SAt the start of a business, owners put some funding into the business to finance assets. This
creates liability on the business in the shape of capital as the business is a separate entity form
its owners. Businesses can be considered to be, for accounting purposes, sums of liabilities
and assets; this is the accounting equation. After liabilities have been accounted for, the
positive remainder is deemed the owners interest in the business.

This definition is helpful to understand the liquidation process in case of bankruptcy. At


first, all the secured creditors are paid against proceeds from assets. Afterwards, a series of
creditors, ranked in priority sequence, have the next claim/right on the residual proceeds.
Ownership equity is the last or residual claim against assets, paid only after all other creditors
are paid. In such cases where even creditors could not get enough money to pay their bills,
nothing is left over to reimburse owners’ equity. Thus owners’ equity is reduced to zero.
Ownership equity is also known as risk capital, liable capital and equity.
EQUTY SHARES
Total equity capital of a company is divided into equal units of small denominations, each
called a share. For example, in a company the total equity capital of 1,00,00,000 is divided
into 10,00,000 units of Rs 10 each. Each such unit of Rs 10 is called a Share. Thus, the
company then is said to have 10,00,000 equity shares of Rs 10 each. The holders of such
shares are members of the company and have voting rights.

EQUITY INVESTMENT
Equity investment generally refers to the buying and holding of shares of stock on a stock
market by individuals and firms in anticipation of income from dividends and capital gain as
the value of the stock rises. It also sometimes refers to the acquisition of equity participation
in a private company or a startup. When the investment is in infant companies, it is referred
to as venture capital investing and is generally understood to be higher risk than investment
in listed going-concern situations.

Why should one invest in Equity in particular?

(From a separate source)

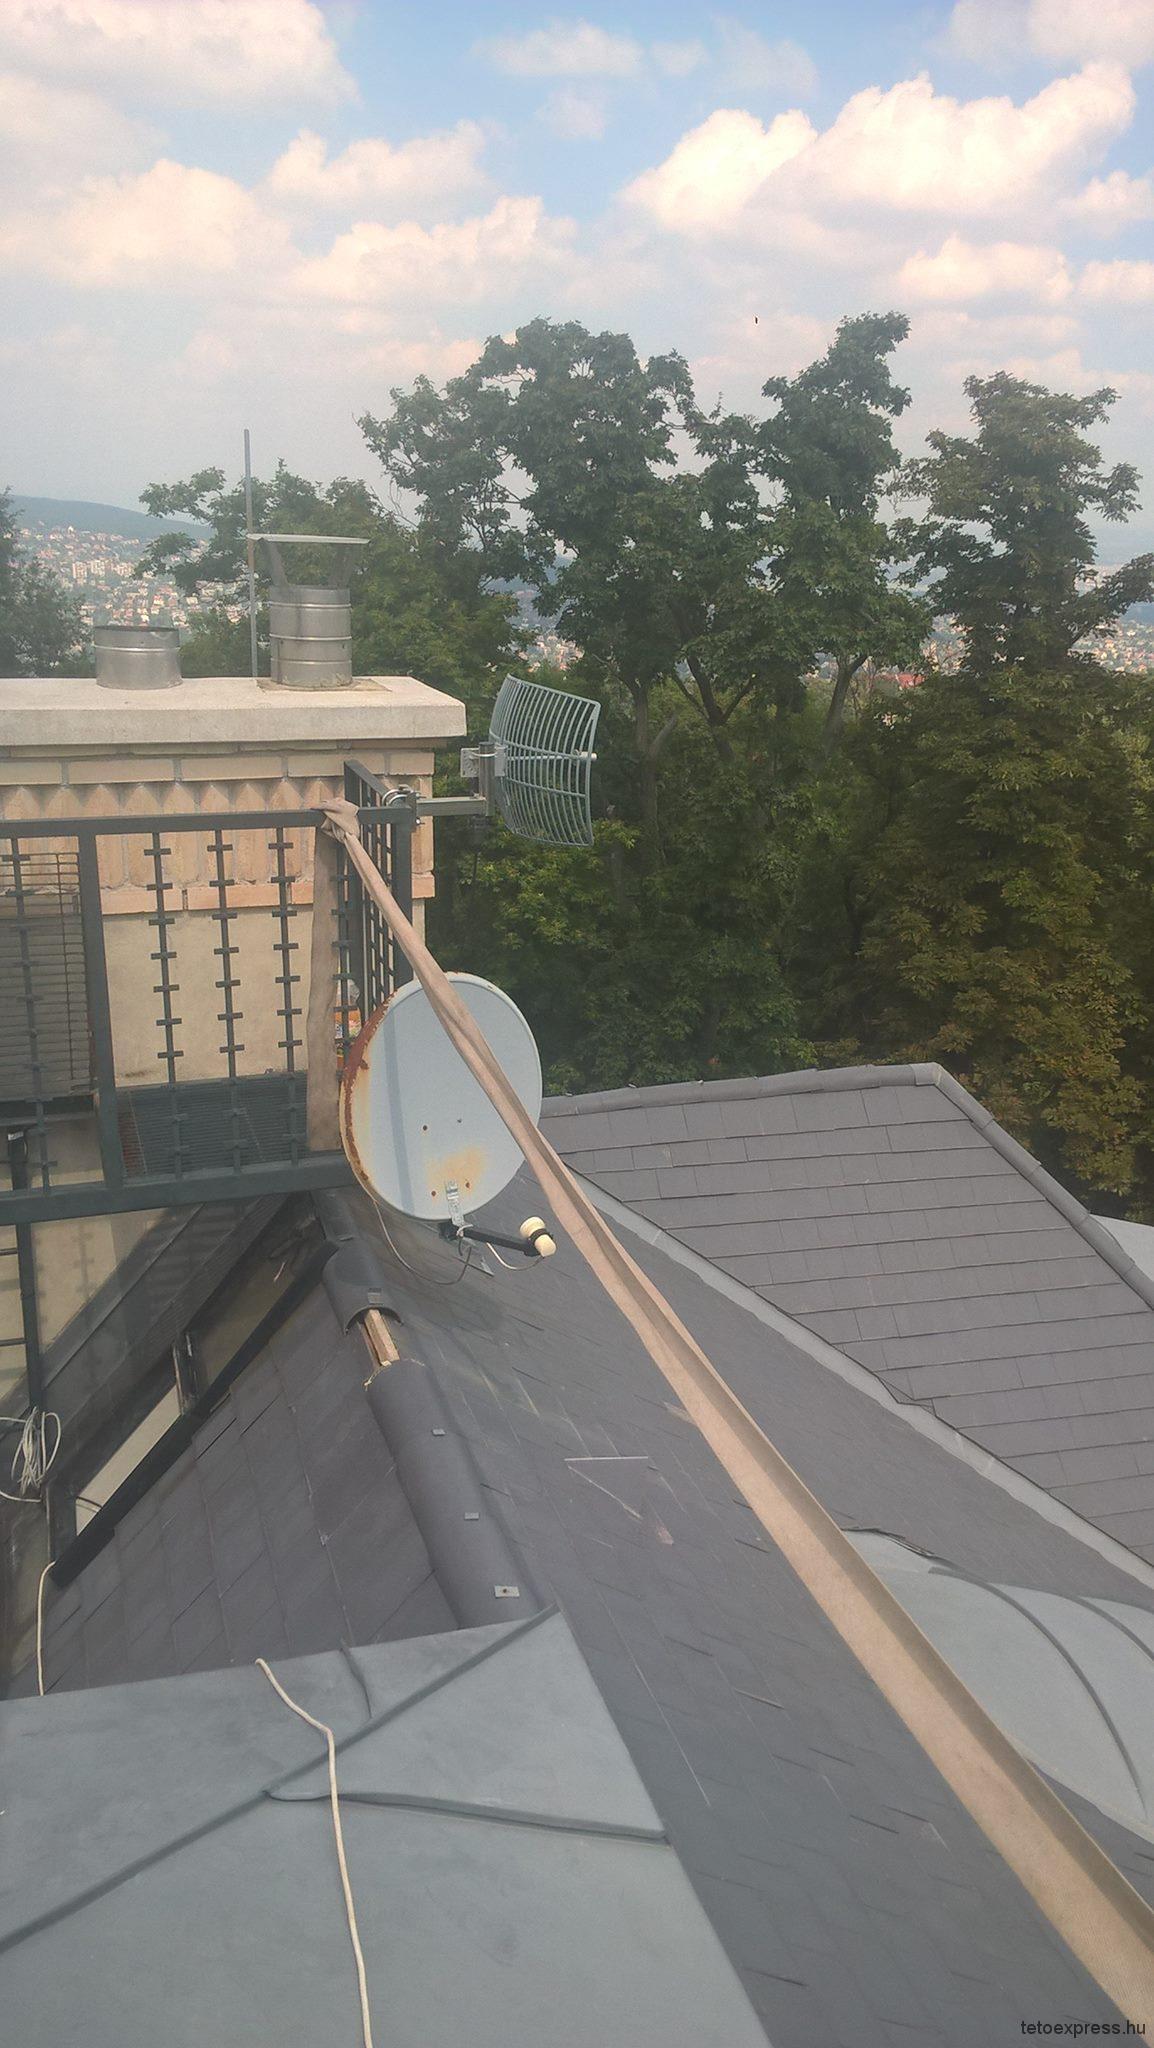 Palatető javítás, palacsere / 2016. augusztus, Budapest

When you buy a share of a company you become a shareholder in that company. Equities
have the potential to increase in value over time. It also provides your portfolio with the
growth necessary to reach your long term investment goals. Research studies have proved
that the equities have outperformed most other forms of investments in the long term.
Equities are considered the most challenging and the rewarding, when compared to other
investment options. Research studies have proved that investments in some share with a
longer tenure of investment have yielded far superior returns than any other investment.
However, this does not mean all equity investments would guarantee similar high returns.
Equities are high risk investments. One needs to study them carefully before investing.
How to invest in Equity Shares?

Investors can buy equity from Security market that is from Primary market or Secondary
market. The primary market provides the channel for sale of new securities. Primary market
provides opportunity to issuers of securities; Government as well as corporate, to raise
resources to meet their requirements of investment and/or discharge some obligation.
Investors can buy shares of a company through IPO when it is first time issued to public.
Once shares are issued to the public it is traded in the secondary market. Stock exchange only
acts as facilitator for trading of equity shares. Anyone who wishes to buy shares of a
company can buy it form existing shareholder of a company.